III. WOMEN DO NOT WANT TO VOTE AND HENCE IT IS UNFAIR TO THRUST THE VOTE UPON THEM BY FEDERAL AMENDMENT.
We have two classes of voters in the United States, young men who automatically become voters at twenty-one, and naturalized citizens. No one among them has ever been asked whether he wishes the vote. It was "thrust upon them" all as a privilege which each would use or not as he desired. To extend the suffrage to those who do not desire it is no hardship, since only those who wish the privilege will use it. On the other hand, it becomes an intolerable oppression to deny it to those who want it. The vote is permissive, not obligatory. It imposes no definite responsibility; it extends a liberty. That there are women who do not want the vote is true, but the well-known large number of qualified men who do not use the vote, indicates that the desire to have someone else assume the responsibility of public service is not confined to women. It is an easy excuse to say "wait until all the women want it," but it is a poor rule which doesn't work both ways. Had it been necessary for members of Congress to wait until all men wanted the vote before they had one for themselves, we should be living in an unconstitutional monarchy. More, had it been necessary for women to wait until all women approved of college or even public school education for girls, property rights, the right of free speech, or any one of the many liberties now enjoyed by women, but formerly denied them, the iniquities of the old common law would still measure the privileges of women, and high schools and colleges would still close their doors to women.
A certain way to test whether any class of people want the vote is to note the numbers of those who use it when granted.
As men and women voters do not use separate boxes and as initials are often employed by both sexes in registration, election officials invariably reply to queries as to the number of women actually voting in their respective states, that positive figures are not obtainable. Yet the testimony, while lacking definite statement, is overwhelming that women in all lands vote in about the same proportion as men. Women in Illinois, not being possessed of complete suffrage rights, have voted in separate boxes, and figures are therefore obtainable.
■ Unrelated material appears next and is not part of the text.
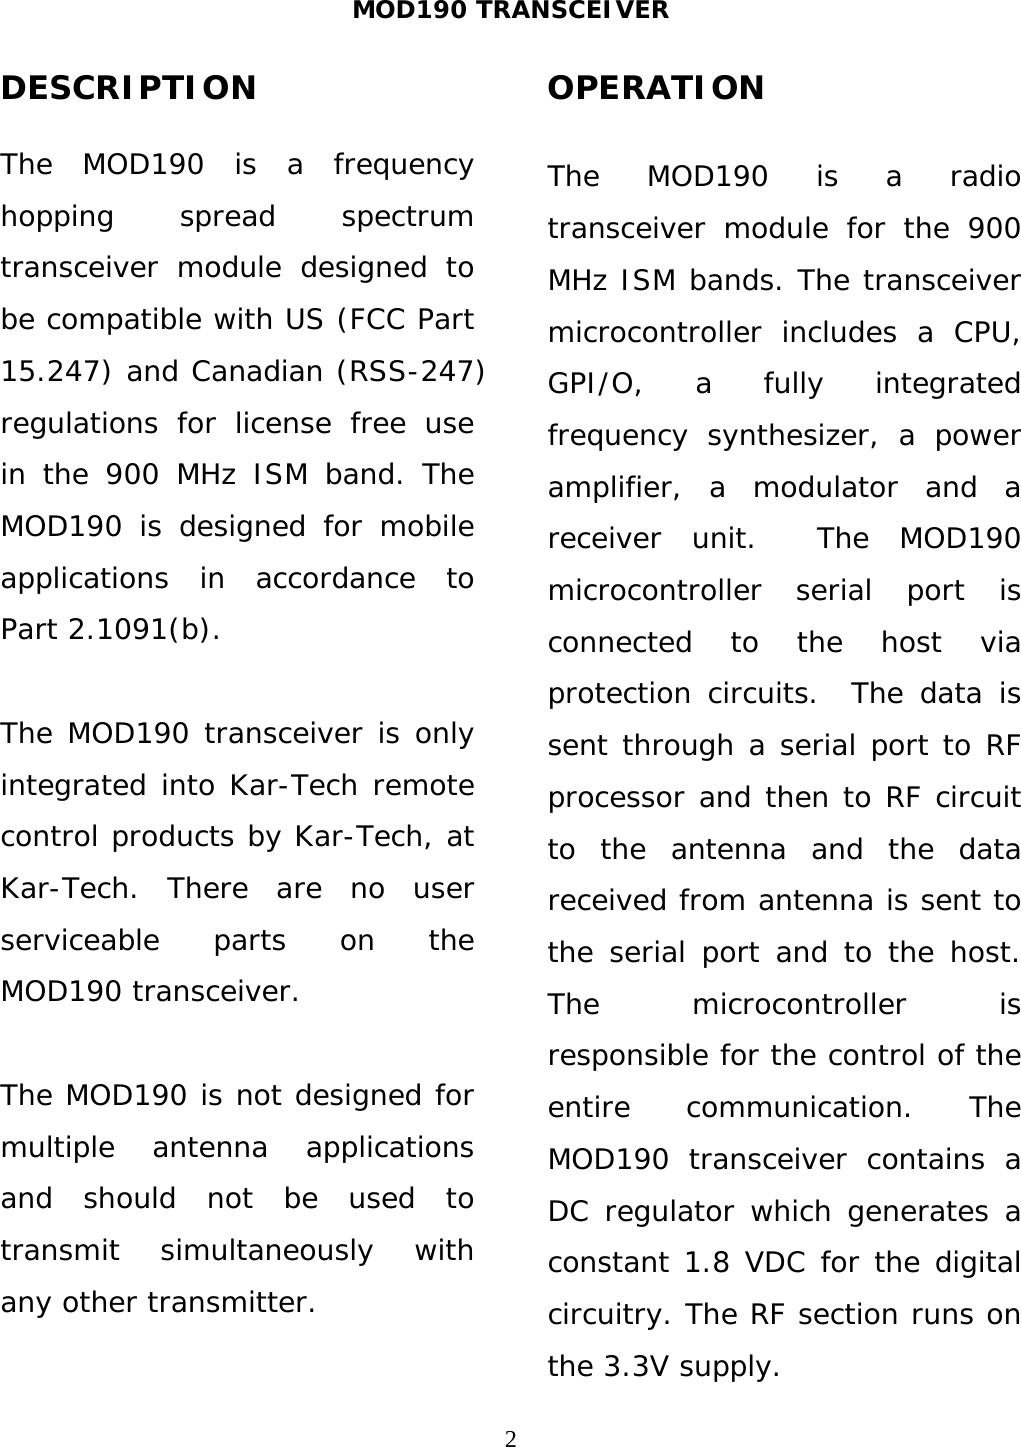 MOD190 TRANSCEIVER  2DESCRIPTION  The MOD190 is a frequency hopping spread spectrum transceiver module designed to be compatible with US (FCC Part 15.247) and Canadian (RSS-247) regulations for license free use in the 900 MHz ISM band. The MOD190 is designed for mobile applications in accordance to Part 2.1091(b).  The MOD190 transceiver is only integrated into Kar-Tech remote control products by Kar-Tech, at Kar-Tech. There are no user serviceable parts on the MOD190 transceiver.  The MOD190 is not designed for multiple antenna applications and should not be used to transmit simultaneously with any other transmitter.  OPERATION  The MOD190 is a radio transceiver module for the 900 MHz ISM bands. The transceiver microcontroller includes a CPU, GPI/O, a fully integrated frequency synthesizer, a power amplifier, a modulator and a receiver unit.  The MOD190 microcontroller serial port is connected to the host via protection circuits.  The data is sent through a serial port to RF processor and then to RF circuit to the antenna and the data received from antenna is sent to the serial port and to the host. The microcontroller is responsible for the control of the entire communication. The MOD190 transceiver contains a DC regulator which generates a constant 1.8 VDC for the digital circuitry. The RF section runs on the 3.3V supply.

The report from the City of Chicago for 1916 as submitted by the Chief Clerk of the Board of Election Commissioners is as follows:
REGISTRATION
Men Women Total
504,674 303,801 808,475
VOTES CAST NOV 7
Men Women Total
487,210—96.5% 289,444—95.2% 776,654—96%
VOTES CAST—DEMOCRATIC
Men Women Total
217,328 133,847 351,175
VOTES CAST—REPUBLICAN
Men Women Total
235,328 141,533 377,201
PROGRESSIVE AND SOCIALIST
48,278
Although New York City is nearly two and a half times as large as Chicago, the registration of the latter exceeded that of New York by 69,307.
The following is quoted from an official statement issued by the California Civic League on what the women of California have done with the vote:
"There has been some attempt on the part of those opposed to women voting to make it appear that in San Francisco particularly, women were slow to register and loth to vote. The fact is always suppressed that there are never less than 132 men to every 100 women in the city and that women therefore should properly be only forty-three per cent. of the total number of voting adults. At the last mayoralty election the women unquestionably re-elected the incumbent as against Eugene Schmitz of graft-prosecution fame, who tried to 'come back.' In this election women constituted thirty-seven per cent. of the total registered vote and the women of the best residence districts voted in the proportion of forty-two to forty-four per cent. of the total vote cast in those precincts; while in the downtown, tenderloin and dance-hall districts women constituted only twenty-seven per cent. of the registration and negligible portion of the vote. These proportions have been substantially maintained in minor elections since, and were slightly increased in the National election of November, 1916, when they comprised thirty-nine per cent. of the registration and voted within two per cent. as heavily as men."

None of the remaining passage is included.